Loneliness is the leprosy of modern society.
– Mother Theresa
I have noticed a significant rise in a general sense of detachment from society as an underlying cause of depression for many of the people I work with. While this trend seems to be consistent across gender and cultural lines, I would say that one age range is most at risk. Those currently in their late teens to early thirties are most likely to identify with these symptoms. One factor they share without fail is a glaring disparity between online communication and face to face communication with family, friends, or even coworkers. Often times when the hours spent per week are calculated the difference will be 9:1 or more in favor of remote relationships. Is it any wonder that we feel disconnected when we don’t actually connect with others?
A great deal of research has been done on physical touch and its effects on emotional health. Neurotransmitters like oxytocin and glucocorticoids are released when people share a physical connection. Shaking hands and hugging hello/goodbye, a platonic kiss between friends or a more passionate kiss between partners, even a literal pat on the back between coworkers for a job well done can bring on these chemicals that help us to feel a sense of wellbeing and connection. We first experience this as infants when we are held and comforted by our parents. While infants tend to need much more physical contact than adults, the need is present in all people throughout the lifespan.
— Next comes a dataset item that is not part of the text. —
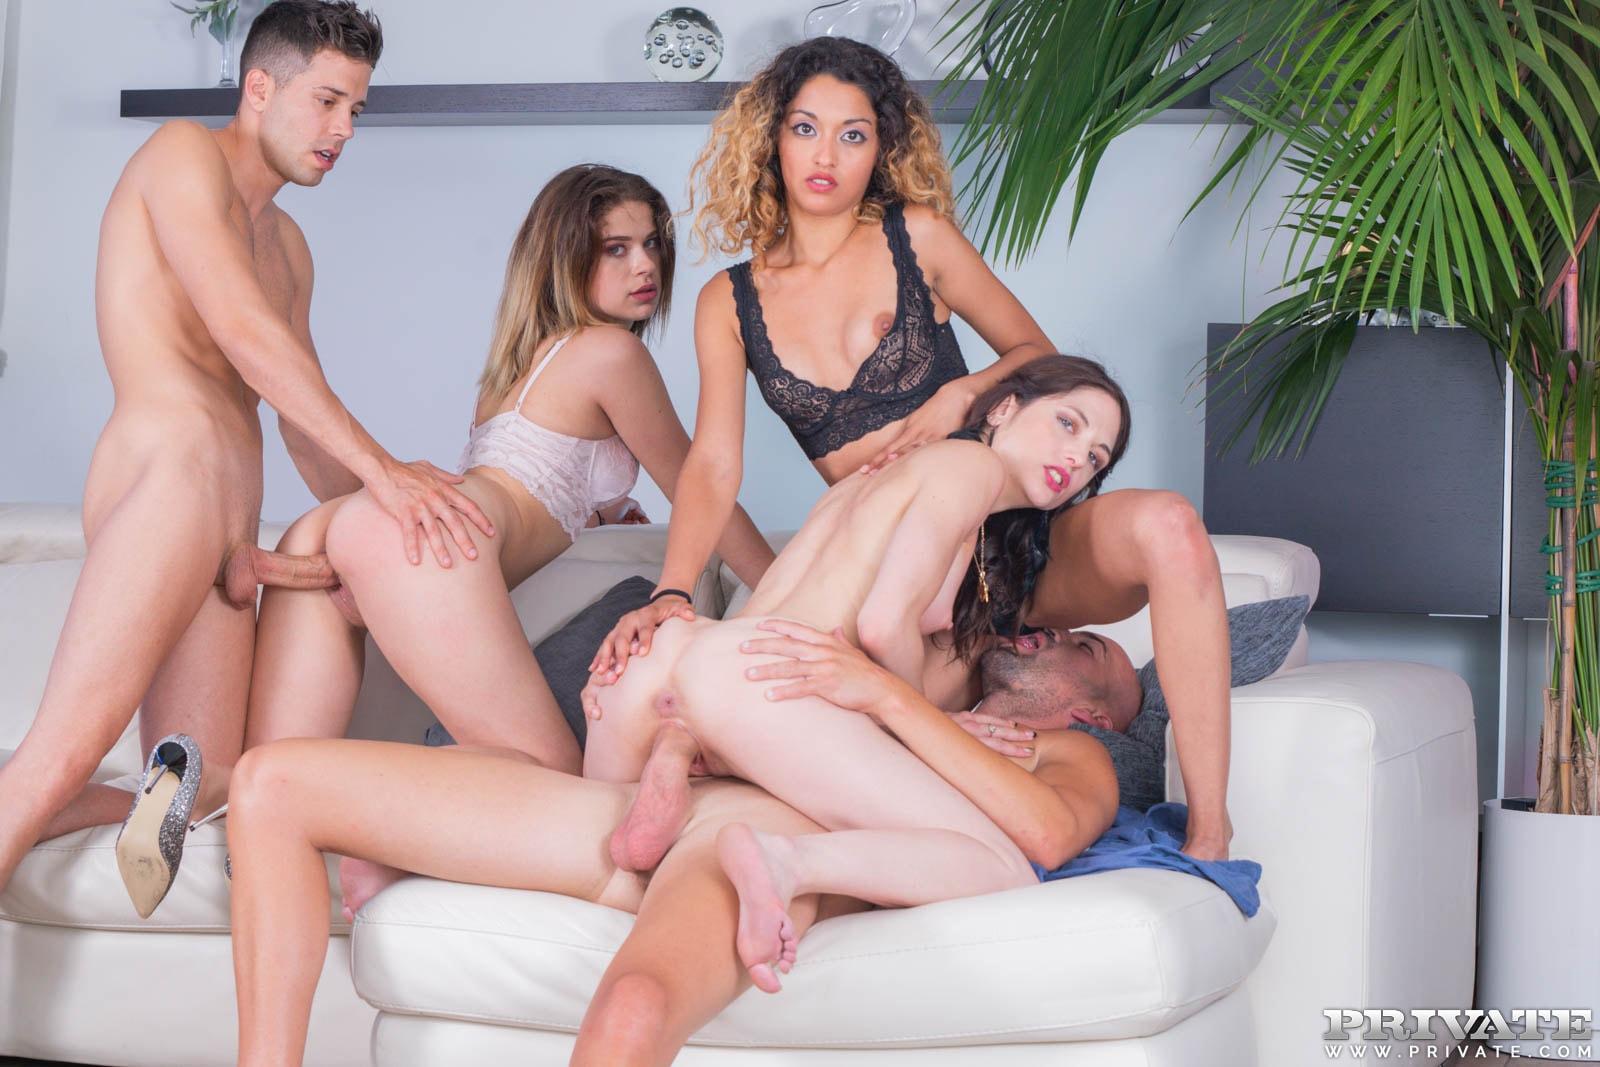 College-Girl Orgies

You can certainly maintain friendships, share thoughts and ideas, and generally keep in touch with others online, but you cannot simulate the positive effect of touch.
One man identified this issue and decided to reach out to others in his community by hugging complete strangers. While this may sound a bit odd the overwhelming positive response to his idea would seem to confirm that our need to feel connected to others can override the social pressure to keep to ourselves. For more information on one man’s work to cure loneliness please visit the link below.
While I don’t think the majority of people (myself included) want their physical touch needs met by strangers on the sidewalk, we can’t deny the positive effects of close IRL relationships. We also can’t deny the correlation between the lack of in person connection to loneliness, and ultimately depression.
The most common reasons given by young adults for avoiding personal relationship building are (a) anxiety over initiating the process of establishing personal relationships, and (b) not knowing the “how to” of getting the process started. This is where conversational counseling can help. Rather than clinical therapy with a full blown anxiety diagnosis, I recommend counseling with an informal style to discuss concerns, address common issues, and learn approaches to relationship building that will encourage confidence. If you, or someone you care for, is struggling in this area you may want to consider a bit of counseling to help make the move towards building personal relationships, and improving overall mental health.